V＝concat(T,F+S) 公式(3)V＝concat(T,F+S) formula (3)

也即，将上述确定的视觉特征F+S和图像中的所有字符的字符文本特征T进行拼接，以获取图像200的图像视觉语义特征。That is, the above-mentioned determined visual features F+S and character text features T of all characters in the image are concatenated to obtain image visual semantic features of the image 200 .

在一些实施例中，计算设备110可以对字符文本特征T、区域特征F和区域位置信息S设置不同的权重以根据如下公式(4)确定图像视觉语义特征：In some embodiments, the computing device 110 can set different weights for the character text feature T, the area feature F, and the area position information S to determine the visual semantic feature of the image according to the following formula (4):

V＝concat(αT,βF+γS) 公式(4)V＝concat(αT,βF+γS) formula (4)

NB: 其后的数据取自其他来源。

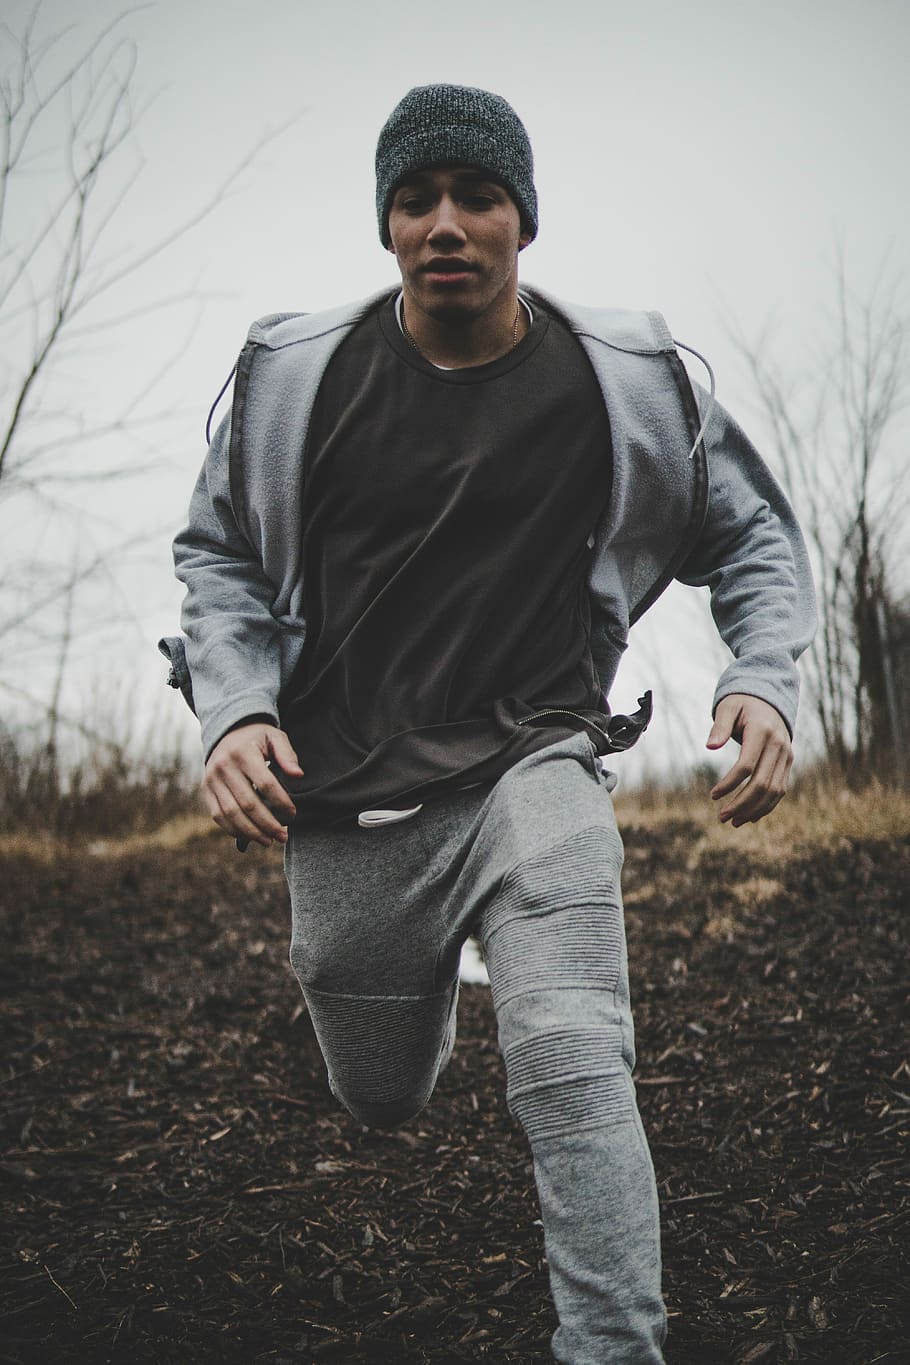 man wearing black shirt and gray jacket with pants while running into plain field, man running on brown soil near bare trees

其中α、β和γ可以根据测试结果或者应用场景的需求进行设置。Among them, α, β, and γ can be set according to test results or requirements of application scenarios.

备选地，在一些实施例中，计算设备110还可以利用AdaIN算法根据如下公式(5)来将区域特征F和区域位置特征S进行组合：Alternatively, in some embodiments, the computing device 110 can also use the AdaIN algorithm to combine the area feature F and the area position feature S according to the following formula (5):

其中σ是平均值，μ和标准差，可以将x设置为F，将y设置为S(反之亦可)。然后可以根据如下公式(6)来确定图像视觉语义特征：where σ is the mean, μ and standard deviation, you can set x to be F and y to be S (or vice versa). Then the visual semantic features of the image can be determined according to the following formula (6):

V＝concat(T,AdaIN(F,S)) 公式(6)V＝concat(T,AdaIN(F,S)) formula (6)

请注意，上述将字符文本特征T、区域特征F和区域位置信息S融合以确定图像视觉语义特征V仅仅是示例性的，可以采用除加和、拼接、AdaIN以外的其他合适的融合方法或其组合，本公开在此不做限制。Please note that the above-mentioned fusion of character text features T, area features F, and area position information S to determine image visual semantic features V is only exemplary, and other suitable fusion methods other than summation, splicing, and AdaIN or combinations thereof can be used, and the present disclosure is not limited here.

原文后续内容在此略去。